A few thoughts on this;

- First, it isn’t clear to me how close to the decision boundary the training points are, one could probably always find real examples that lie very close to the decision boundary and with a tiny tweak could be nudged over the line. I figured that it made more sense to look at examples in which one could move from a highly confident classification of one class to a highly confident classification in another. To motivate with a more practical example, if my self-driving car is only 55% confident the traffic light is green, I’d expect it to stop. It’s what happens if you can move it from 99% confident of a red light to 99% confident of a green.
- Second, deep (convolutional) neural networks struggle with uncertainty – lots of methods have been proposed to try to allow them to quantify that uncertainty a little better, but typically they still seem to do weird things away from where the true training data lies (which is exactly the parts of the domain where adversarial samples lie).
- Third, DNNs have no strong priors about the decision function. To demonstrate if one trains with a low dimensional training set, in which the classes are very separable, the decision boundary provided by the DNN is often close to one of the classes, and is often very sharp.
- A Gaussian process classifier however has strong priors on its latent function, leading to slow changes to the classification. Hence to move between one confident location to another typically requires a large change in the training location.
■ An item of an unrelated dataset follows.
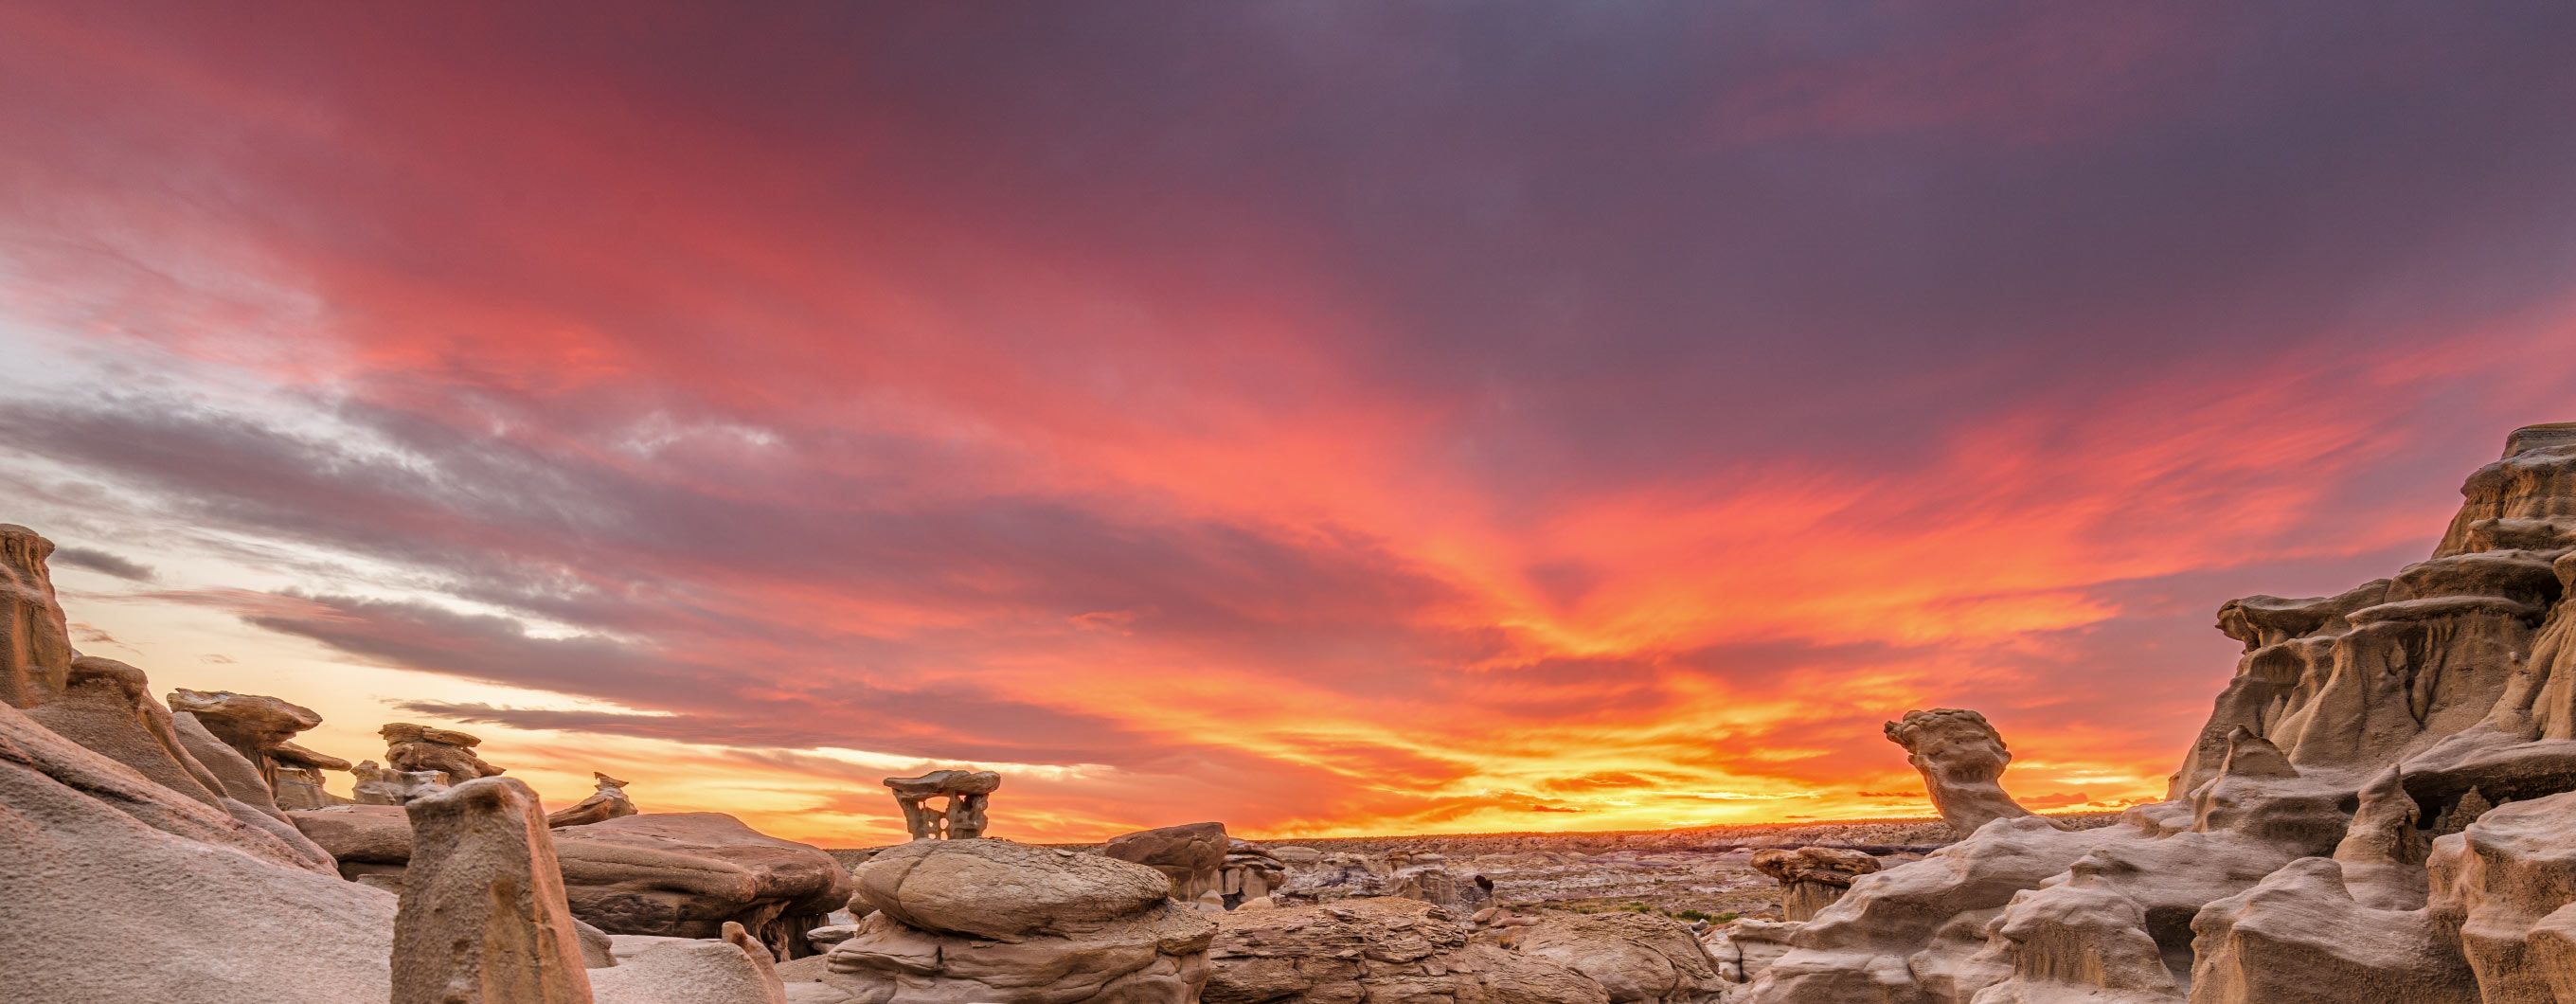 Image of a rocky landscape in New Mexico with a cloudy sky and a setting sun

My collaborators at CISPA (Saarland, Germany) are busy looking at the empirical improvements one can acheive using GPs. I thought it might be interesting to focus on whether one can bound the impact of an adversarial example.

There are typically two ways of generating adversarial examples, the first (illustrated by the dog/ostrich example) involves making small changes to lots of inputs. The second involves modifying a few inputs a lot. In the paper I’m drafting at the moment this is the path I have taken. The question: Can I produce an upper bound on the change in the latent function (or even better in the classification) that changing D inputs could cause?

So for example, if you have a GP classifier distinguishing between two digit image types, how much could the class change if you alter (say) three pixels?

I approached this problem as follows;

- First I restricted the type of kernel to the RBF (EQ) kernel.
- I then consider the change that can occur due to each training input (considering the output as the sum of a set of Gaussians – using the representer theorem).
- I devised a method for bounding the sum of a mixture of Gaussians.
- There’s a bunch of other optimisations etc to achieve a better bound.

Currently I’m just trying this out on some example training data (MNIST!), I suspect that it will only work on low dimensional problems (e.g. less than 20 dimensions) as above that the domain still is too large to search.